Monday, January 6, 2014

Wired Anxiety

By Lisabet Sarai

I woke up yesterday morning (Sunday) agonizing about this blog post. What should I talk about? We all have our worries. I didn't want to sound whiney. I thought about a post entitled 'Consider the Lilies', dealing with the futility of worry in the face of life's grand uncertainty, and the need to trust the universe. However, I concluded that would have been too preachy.

Maybe I should write a story addressing the topic, the way Garce always does? I actually came up with an idea (think about all our worries during the sex act!), but then I decided I couldn't afford to spend my time penning a random tale when I have a 60K novel due at the end of January and I'm only at the 30K mark. (I'll file that notion away in my notebook for some future date, when I've got free time – huh!)

How was I going to produce something as creative as Garce, as insightful as Giselle, as erudite as Jean? Being first to address each Grip topic is not an enviable status, believe me.

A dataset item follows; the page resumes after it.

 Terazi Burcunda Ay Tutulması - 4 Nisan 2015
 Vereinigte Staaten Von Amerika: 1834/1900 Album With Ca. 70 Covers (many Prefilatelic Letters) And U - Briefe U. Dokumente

The rest of the contributors can riff on my post, or take my initial direction and throw in a curve or two. Me, I'm flying blind.

All these familiar, minor worries faded, though when I got to my computer and discovered that our ADSL was down.

Oh my God! No email. No blogs. No way to check for comments or visitor stats. And forget about writing the darned blog. How was I going to post it?

These days even a single day of Internet outage is a small catastrophe for me.

I can check my “real world” email at work, but Lisabet's communications are restricted to a specific computer, with an encrypted drive to keep all my work and messages safe from prying eyes. Furthermore, these days, the business of being an author critically depends on connectivity. Without the Internet, I can't communicate with my editors, my readers, or my colleagues. There are rational reasons for me to worry about being cut off from the 'Net.

My panic, though, extended far beyond rationality. Disconnected, I felt helpless, alone, totally out of the loop. No Writers list posts flowing into my inbox. No requests for guest spots. No updates from my publisher. No notices of glowing reviews on Amazon or Goodreads (yeah, right...)

And I realized that I worry a lot about being connected, all the time. I don't have a smart phone and my husband the security geek strictly forbids the use of Wi-Fi. When I'm away from my home office for an entire day, I start to get edgy. I know the email messages are piling up. (I typically get 100 to 200 messages a day.) I wonder when I'm going to have time to sort through them. In a very real sense, the only time I can be Lisabet is when I'm online.

When we go on a business trip or a vacation – heavens! The anxiety is grueling. Before we leave, I unsubscribe from as many lists as possible, to reduce my mail volume. I try to pre-schedule blog posts, release and contest announcements and so on. While we're traveling, it's usually difficult and/or expensive to get online. When we went to France last spring, we paid $60 for a SIM card we could use in our GSM modem, so we could check email without worrying about Wi-fi malware. And we (both) took significant chunks of time from our holiday schedule to handle critical online issues.

I remember traveling in the eighties and the nineties. No need to worry about connectivity. We could disappear for a week or two. We didn't care who was trying to contact us. Sometimes we wouldn't even look at a newspaper for a week. A simpler, easier, more innocent time, that seems now.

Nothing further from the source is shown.